Value of European Call Option: 10.32 - time[6.039 secs]

Let's see how we can speed up the computation with the numexpr package.


In [5]:
import numexpr as ne
def bsm_ne(S0,r,sigma,T,K,R = 70000000 , seed=500):
    np.random.seed(seed)
    z = np.random.standard_normal(R) 
    ST = ne.evaluate('S0 * exp(( r - 0.5 * sigma ** 2) * T + sigma * sqrt(T) * z)')
    hT = np.maximum(ST - K, 0)
    C0 = np.exp(-r * T) * np.sum(hT) / R
    return C0

In [6]:
tm = time.time()
C0 = bsm_ne(S0=105,r=0.06,sigma=0.22,T=1.0,K=109,R = 70000000 , seed=500)
pm = time.time() - tm
print("Value of the European Call Option: {0:.4g}".format(C0)+" - time[{0:.4g} secs]".format(pm))

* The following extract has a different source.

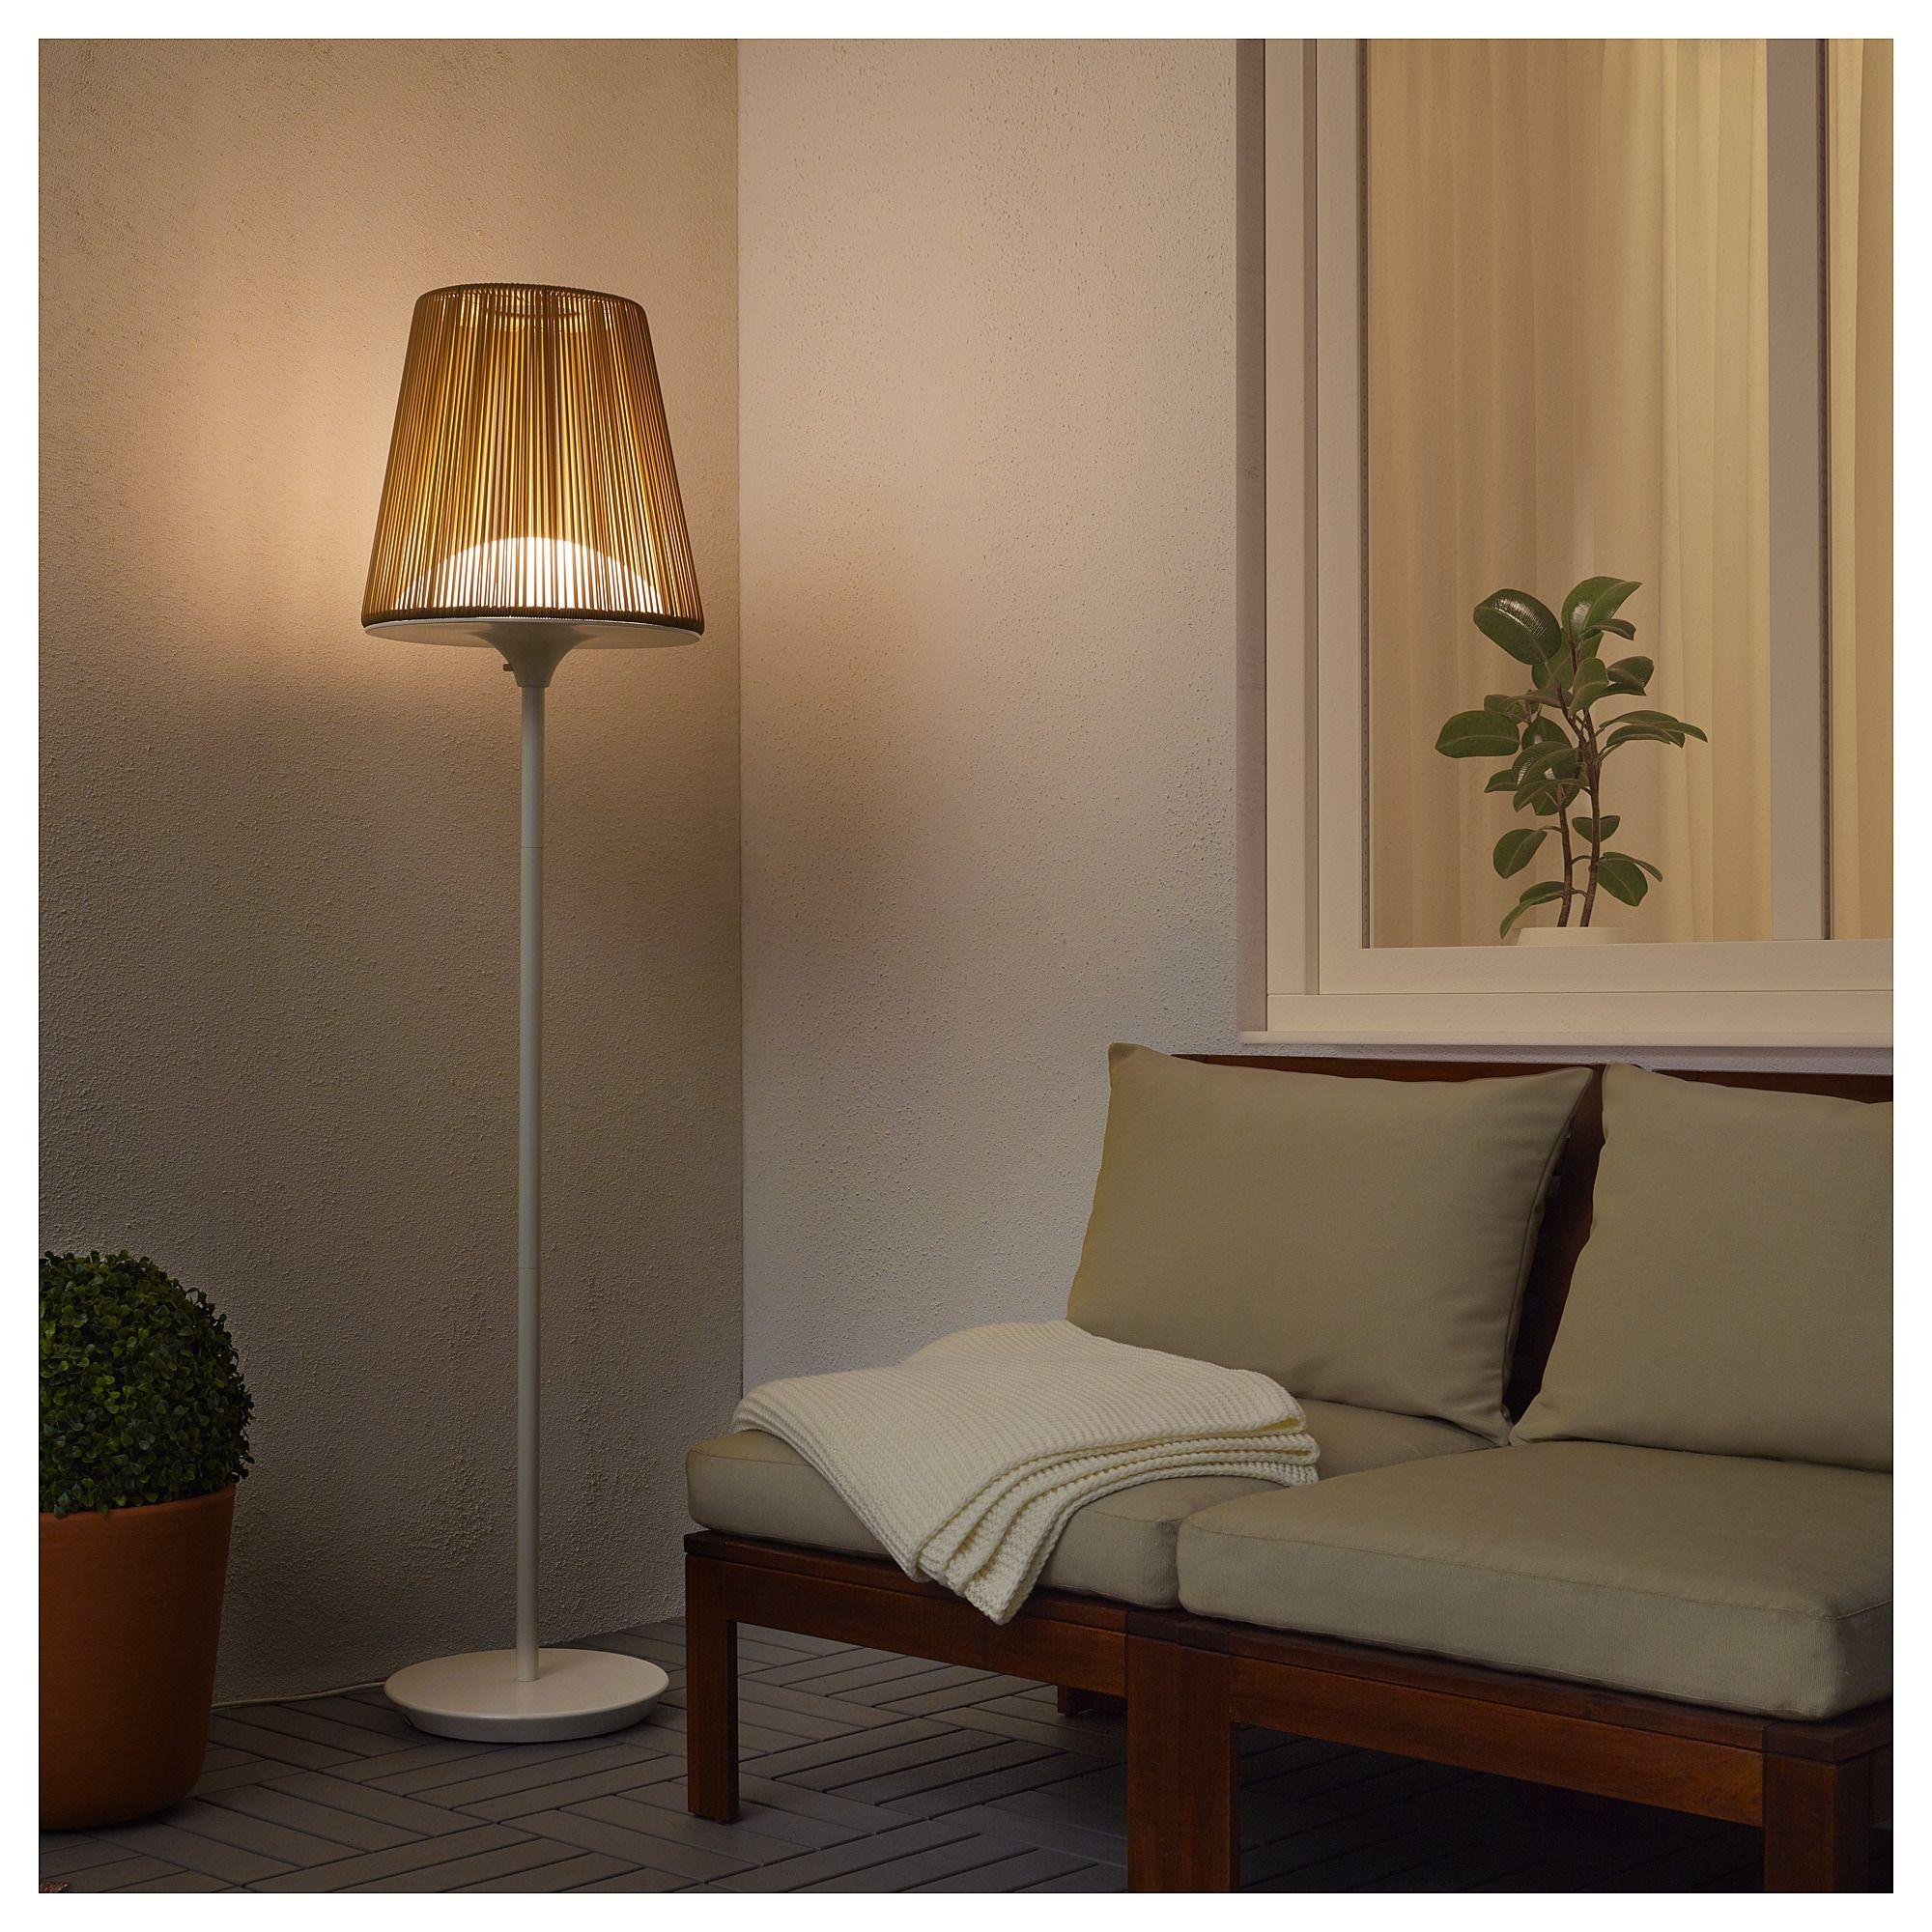 Furniture And Home Furnishings Floor Lamp Ikea Floor Lamp

Value of the European Call Option: 10.32 - time[4.821 secs]

Key Factors for Evaluating the Performance of a Portfolio

The daily return of a stock is easily computable as it follows $$dr(t)=\frac{P(t)}{P(t-1)}-1$$ Similarly, the cumulative return of a stock is easily computable as it follows $$cr(t)=\frac{P(t)}{P(0)}-1$$ What is it P(t)? There are basically 2 options for this value, i.e.

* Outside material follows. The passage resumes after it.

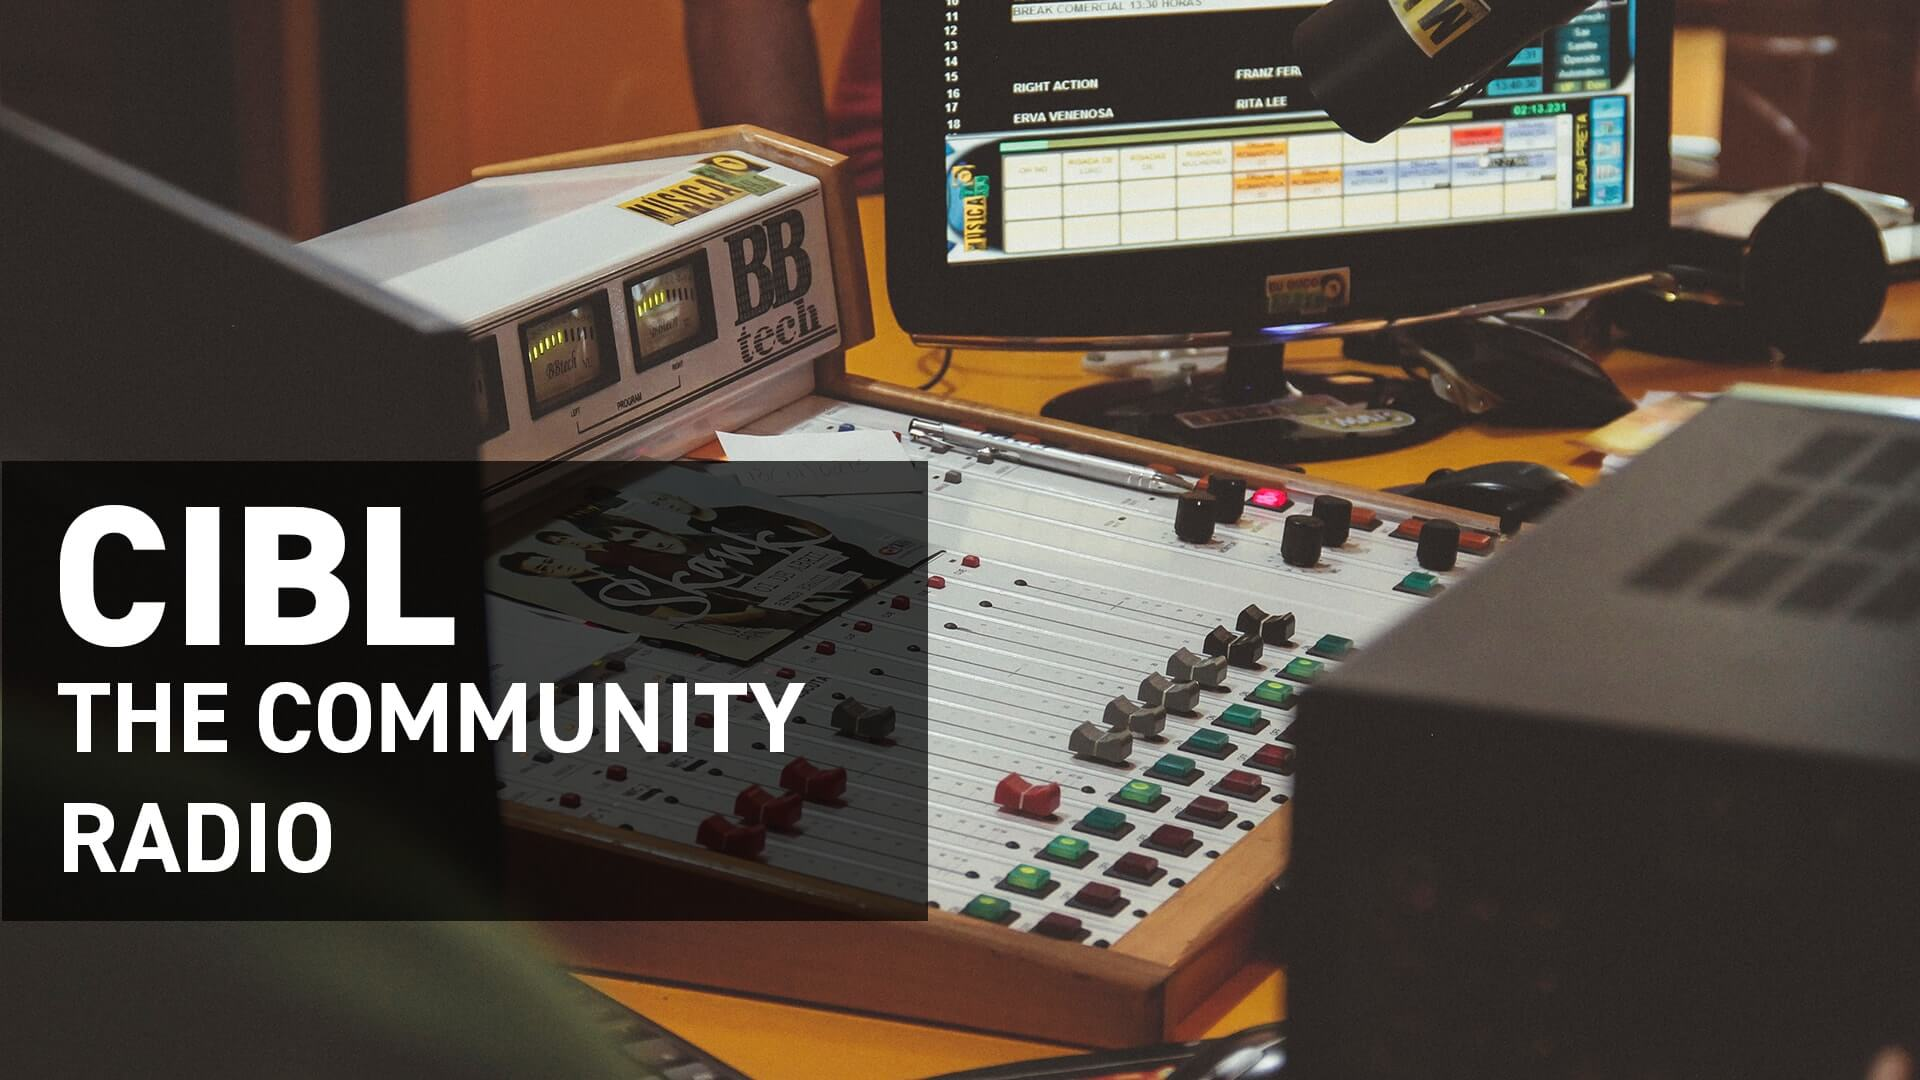 Community radio: CIBL

  • the adjusted close price of a stock typically indicated in financial feed as Adj Close, or
  • the close price of a stock typically indicated in financial feed as Adj.

We take the adjusted close price (see What Hedge Funds Really Do to understand why).

Typically for evaluating the performance of a portfolio key factors to focus on are

  1. Cumulative return
  2. Average daily return
  3. Rsk (Standard deviation of daily return)
  4. Sharpe ratio

We will see how to compute and plot these factors.

Get financial data

Functions from pandas.io.data and pandas.io.ga extract data from various Internet sources into a DataFrame The following sources are supported:

  • Yahoo! Finance
  • Google Finance
  • St.Louis FED (FRED)
  • Kenneth French’s data library
  • World Bank
  • Google Analytics

For further info see pandas documentation


In [9]:
import numpy as np
import pandas as pd
import pandas.io.data as web

df_final = web.DataReader(['GOOG','SPY'], data_source='yahoo',
                      start='1/21/2010', end='4/15/2016')

print(df_final)
print(df_final.shape)


<class 'pandas.core.panel.Panel'>
Dimensions: 6 (items) x 1570 (major_axis) x 2 (minor_axis)
Items axis: Open to Adj Close
Major_axis axis: 2010-01-21 00:00:00 to 2016-04-15 00:00:00
Minor_axis axis: GOOG to SPY
(6, 1570, 2)

In [10]:
df_final.ix[:,:,'SPY'].head()


Out[10]:
Open High Low Close Volume Adj Close
Date
2010-01-21 113.919998 114.269997 111.559998 111.699997 344859600.0 97.864196
2010-01-22 111.199997 111.739998 109.089996 109.209999 345942400.0 95.682624
2010-01-25 110.209999 110.410004 109.410004 109.769997 186937500.0 96.173257
2010-01-26 109.339996 110.470001 109.040001 109.309998 211168800.0 95.770236
2010-01-27 109.169998 110.080002 108.330002 109.830002 271863600.0 96.225829

In [11]:
print(type(df_final.ix[:,:,'SPY']))
print("\n>>> null values:"+str(pd.isnull(df_final.ix[:,:,'GOOG']).sum().sum()))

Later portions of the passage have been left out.